I cleared all my thoughts away. Thoughts of the past, of all the issues that currently surrounded me. Tried to even erase the fact that Rhys and I were brought up so differently. My eyes shot open.
Though the path to adulthood was light years apart, maybe the final product of us being adults wasn’t so different. I had caught a glimpse of how we dealt with things similarly at the diner. This whole time I’d been asking myself how Rhys was able to read me the way he did? Why did I respond to him in a way I never responded to another? Why was there a connection between us and why was I drawn to him?
Though he didn’t dish details about being overseas, the look on his face and tone of his voice spoke volumes. Rhys had seen some things, likely done some things, that changed a person. He obviously understood loss, fear, fighting against things unseen. Fighting to stay alive. Just fighting to keep your sanity in the hope that one day things will be better. Maybe that’s what we related to in each other.

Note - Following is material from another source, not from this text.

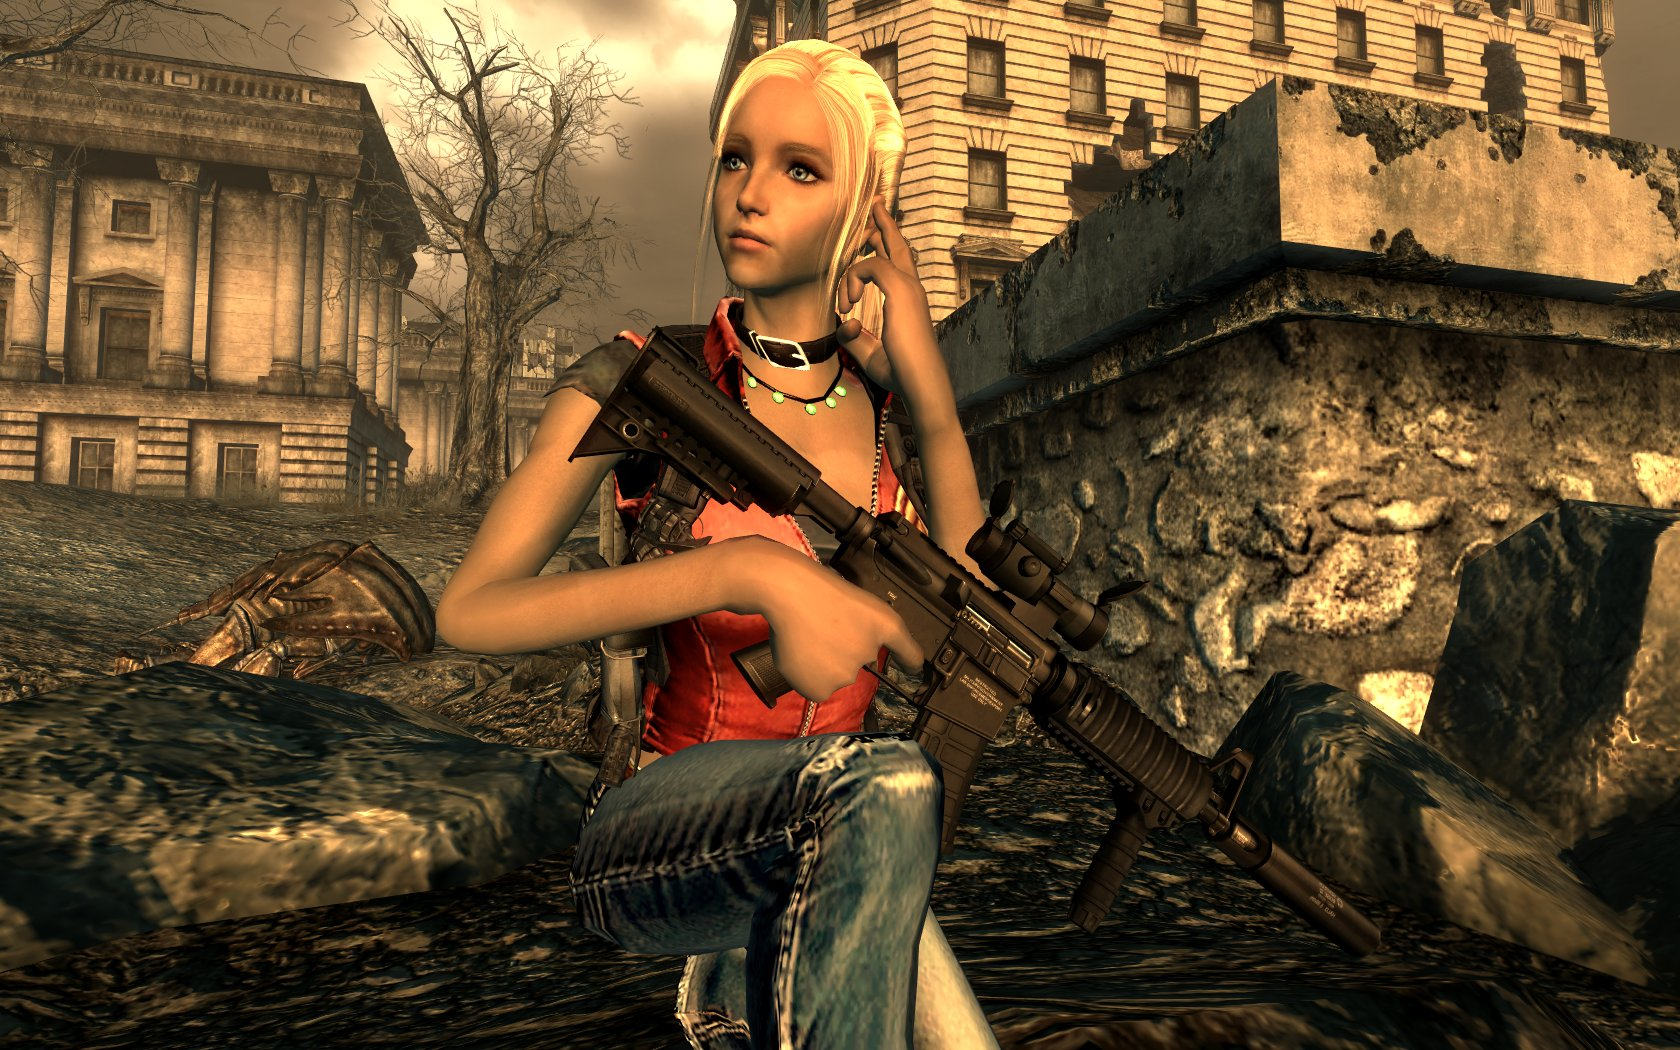 Fallout 3 hentai game erotic scenes

I closed my eyes once more and focused on my breathing. If Megan could see me now . . . I could almost hear her saying, “When you focus on breathing and empty your mind, you can see things you missed before.”
Desperation must be setting in if I was finally giving in to this.
Deep inhale.
And out.
I tried to watch it melt away. My past. Rhys’s past. All the unanswered questions. Where we were and why. I pictured him and me in a white room. Just us. Looking up at him, seeing only his thundering eyes, I asked myself a simple question: Do I want this man?
The answer came quickly and was as simple as the question. I stood up, and marched toward the bathroom.
“Yes!” I said loudly throwing open the door.
“What?” Rhys asked from beneath the spray of the shower.
“I said . . .” I tugged the curtain open, which surprised him a little, stepped into the stall, not caring that I was fully clothed and faced him. “Yes.”